Extracted data entries
-=-=-
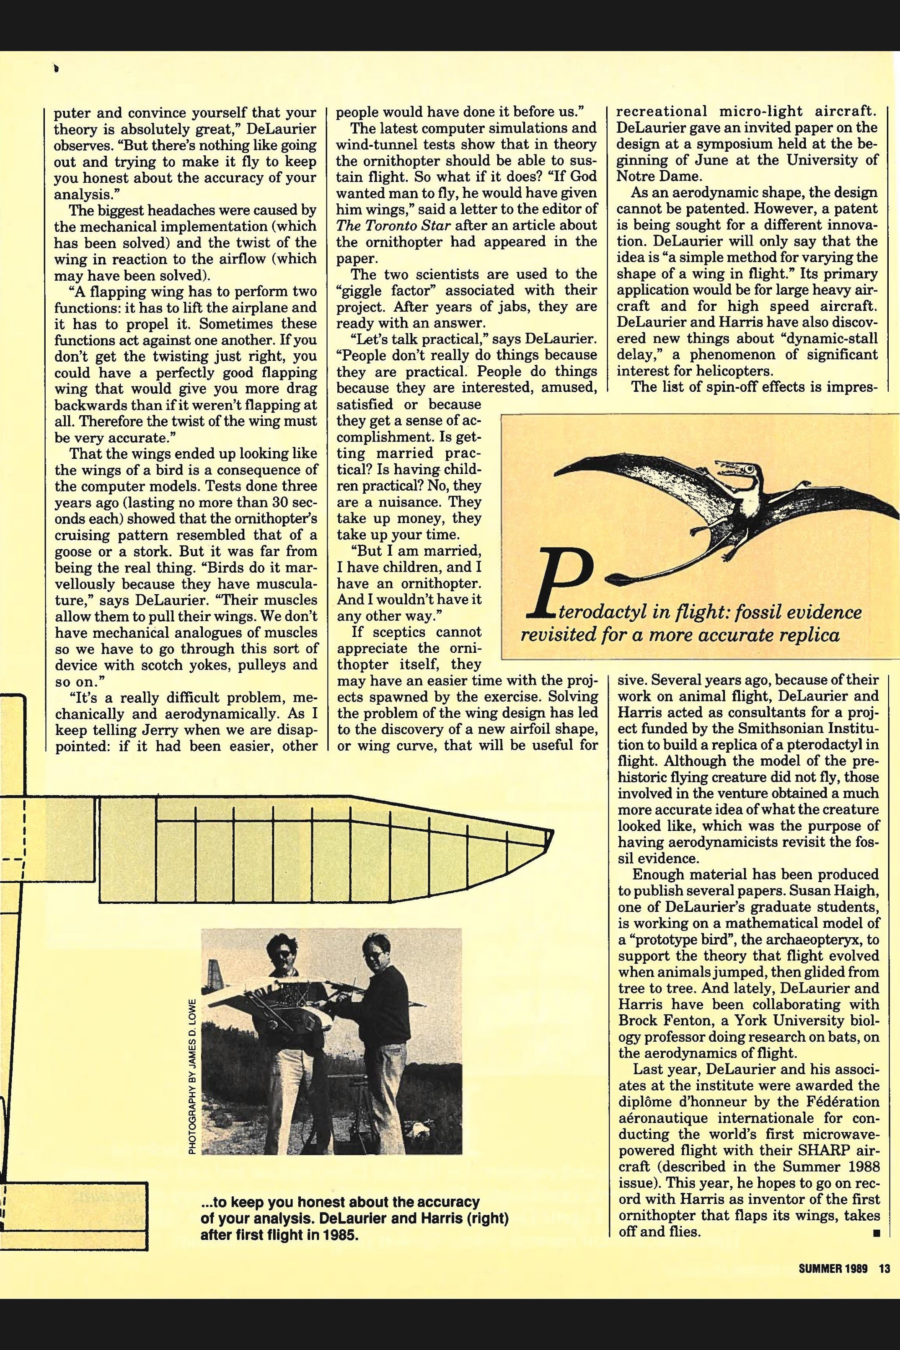 Magazine clipping from University of Toronto Magazine, Summer, 1989
Headline: A Quest for Flapping Wings: Attempting to build a mechanical bird
Byline: Karina Dahlin
Illustration 1: A sketch of the head of a long-bearded, balding Leonardo da Vinci
Caption: da Vinci, too, wondered about flight
Photo 1: A silhouetted picture outside, Professor DeLaurier launching his curve-winged ornithopter into the air with a throw.
Caption: DeLaurier with ornithopter: there’s nothing like going out and trying to make it fly…
Illustration 2: A sketch of a pterodactyl in flight, wings spread wide.
Caption: Pterodactyl in flight: fossil evidence revisited for a more accurate replica
Photo 2: Professors DeLaurier and Harris together hold their ornithopter prototype.
Caption: …to keep you honest about the accuracy of your analysis. DeLaurier and Harris (right) after first flight in 1985.
Illustration 3: Spread across both pages running along the margin is a sketch of the ornithopter’s body, the wings spreading into each page.
The challenge to create a bird-like device that will flap its wings, take off and fly has fascinated James DeLaurier and Jeremy Harris for 20 years. A test flight this month will show if their ornithopter can fly. DeLaurier, a professor at the Institute for Aerospace Studies at the University of Toronto, and Harris, principal research engineer at Battelle Memorial Institute in Columbus, Ohio, have spent $6,000 on their project and thousands of hours. Their work is an illustration of how much fun academic research can be when take it seriously. “You know how science goes,” DeLaurier says. “You work on the darndest things. If you go into it with an open enough mind and go deep enough you start discovering things that can have spin-offs with practical applications.”
Ornithopters (ornitho: birdlike, pter: wing) have existed for a long time but only in the imagination of man. None has been built that would stay up in the air. Leonardo da Vinci is considered to be the first person who seriously attempted to define what a flapping-wing human-carrying vehicle would look like. “He realized that human power was not sufficient to allow it to fly,” says DeLaurier.
The DeLaurier/Harris ornithopter weighs three kilograms and has a wing-span of three metres. It is built of wood, fiberglass, carbon fibers, aluminum and steel with a covering of fiber-reinforced plastic sheets. Remotely controlled, it is not designed to carry people. A 1.6 horsepower model airplane engine provides the power to drive a system of pulleys and belts that make a centre panel in the middle of the fuselage move up and down. The wings, connected to the centre panel, are pivoted on outboard struts and driven by the panel’s motion.
The two scientists went from theoretical analyses and sophisticated computer models to practical tests. The biggest headaches were caused by the mechanical implementation and the twist of the wing in reaction to the airflow. “A flapping wing has to perform two functions: it has to lift the airplane and it has to propel it. Sometimes these functions act against one another. If you don’t get the twisting just right, you could have a perfectly good flapping wing that would give you more drag backwards than if it weren’t flapping at all.”
Computer models dictated that the wings would look the wings of a bird. Tests done three years ago showed that the ornithopter’s cruising pattern resembled that of a goose or a stork. “Birds do it marvelously because they have musculature,” says DeLaurier. “Their muscles allow them to pull their wings. We don’t have mechanical analogues of muscles so we have to go through this sort of device with scotch yokes, pulleys and so on.”
The two have faced skepticism and humorous jabs throughout their work. “People don’t really do things because they are practical,” De Laurier says. “People do things because they are interested, amused, satisfied or because they get a sense of accomplishment.” While sceptics may not appreciate the ornithopter project, they may have an easier time with its results. Solving the problem of the wing design has led to the discovery of a new airfoil shape, or wing curve, that will be useful for recreational micro-light aircraft. The two are also seeking a patent for “a simple method for varying the shape of a wing in flight,” which would have applications for large heavy aircraft and for high speed aircraft. DeLaurier and Harris have also discovered new things about “dynamic-stall delay,” a phenomenon of significant interest for helicopters.
Because of their work on animal flight, DeLaurier and Harris acted as consultants for a project funded by the Smithsonian Institute to build a replica of a pterodactyl in flight. Although the model of the prehistoric flying creature did not fly, those involved in the venture obtained a more accurate idea of what the creature looked like. Enough material has been produced to publish several papers. Susan Haigh, one of DeLaurier’s graduate students, is working on a mathematical model of a “prototype bird,” the archaeopteryx, to support the theory that flight evolved when animals jumped, then glided from tree to tree. 
Last year, DeLaurier and his associates at the institute were awarded the diplôme d’honneur by the Fédération aéronautique internationale for conducting the world’s first microwave-powered flight with their SHARP aircraft. This year, he hopes to go on record with Harris as the inventor of the first ornithopter that flaps its wings, takes off and flies.
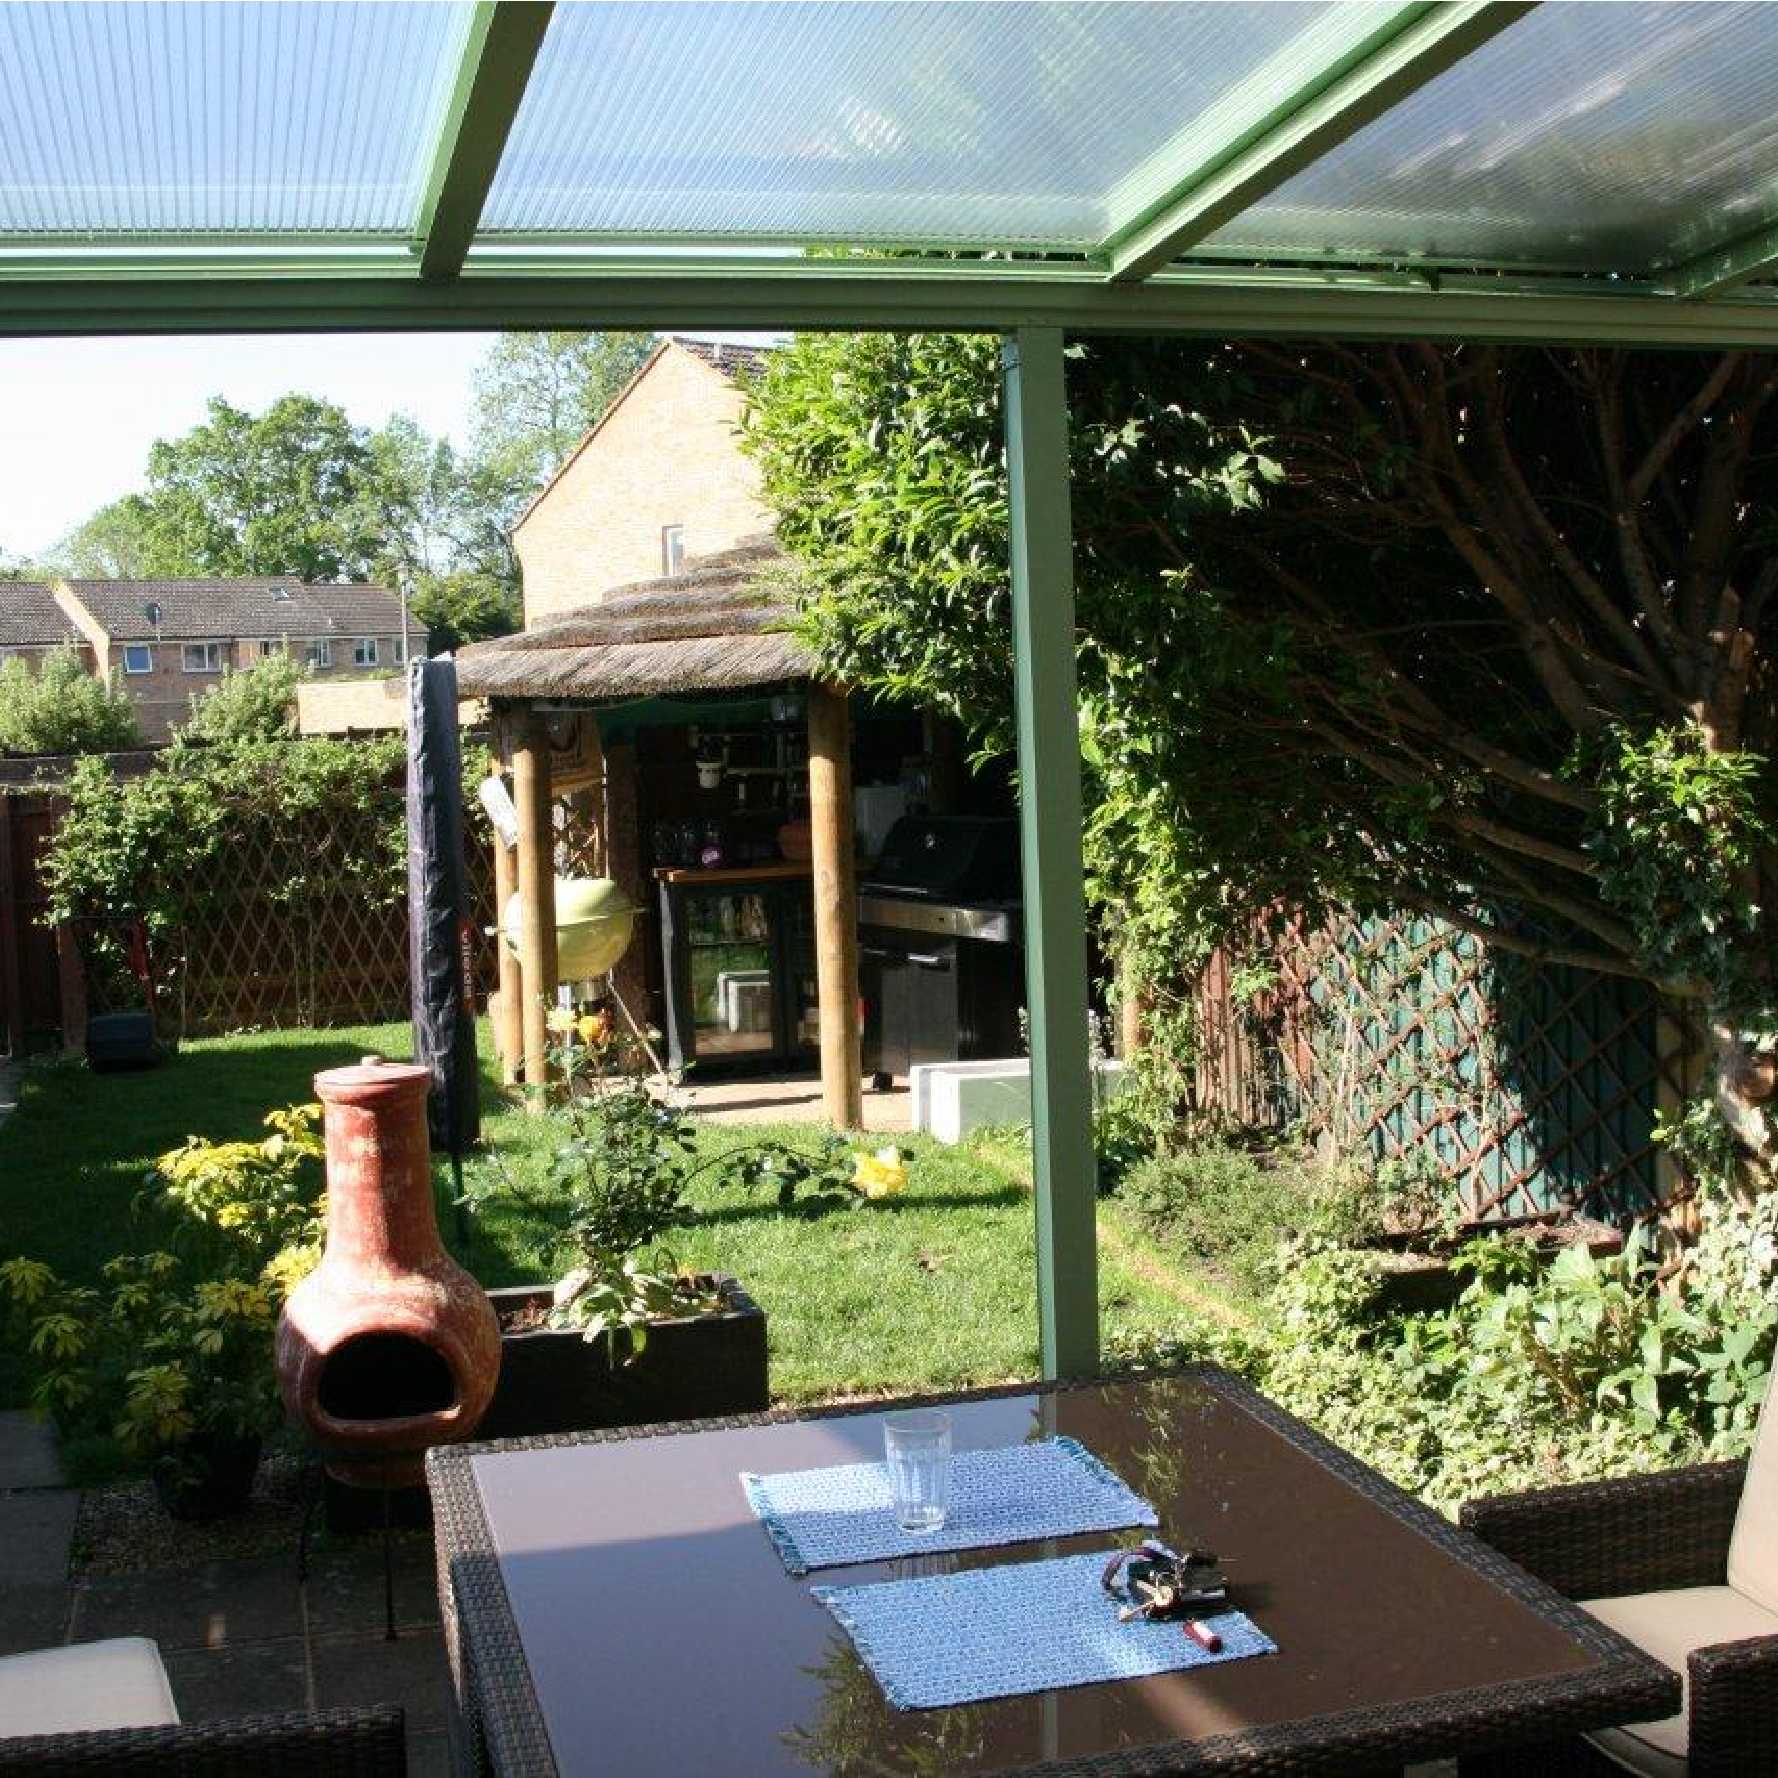 Affordable Omega Smart Lean-To Canopy, White with 16mm Polycarbonate Glazing - 11.8m (W) x 4.5m (P), (5) Supporting Posts
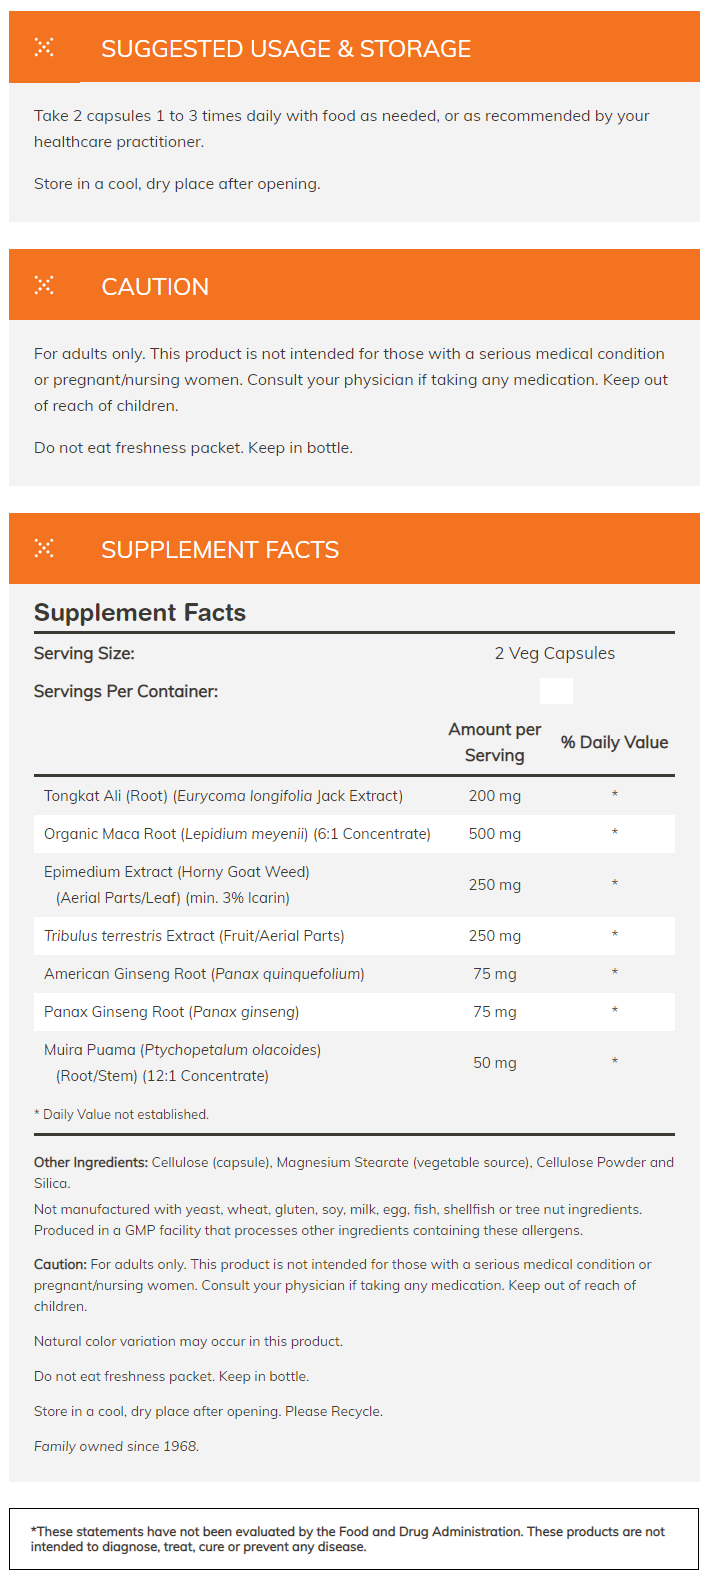 Supplement facts and usage instructions for a health product containing Tongkat Ali, Organic Maca Root, and other ingredients. Not advised for pregnant women.
-=-=-
▶ _Exercise requirements_
Word for word, retype the lines from the one that contains "Last year, DeLaurier" through the final line of the data, both ends included, excluding pictures.

▶ _Response to the task_
Last year, DeLaurier and his associates at the institute were awarded the diplôme d’honneur by the Fédération aéronautique internationale for conducting the world’s first microwave-powered flight with their SHARP aircraft. This year, he hopes to go on record with Harris as the inventor of the first ornithopter that flaps its wings, takes off and flies.
 Affordable Omega Smart Lean-To Canopy, White with 16mm Polycarbonate Glazing - 11.8m (W) x 4.5m (P), (5) Supporting Posts
 Supplement facts and usage instructions for a health product containing Tongkat Ali, Organic Maca Root, and other ingredients. Not advised for pregnant women.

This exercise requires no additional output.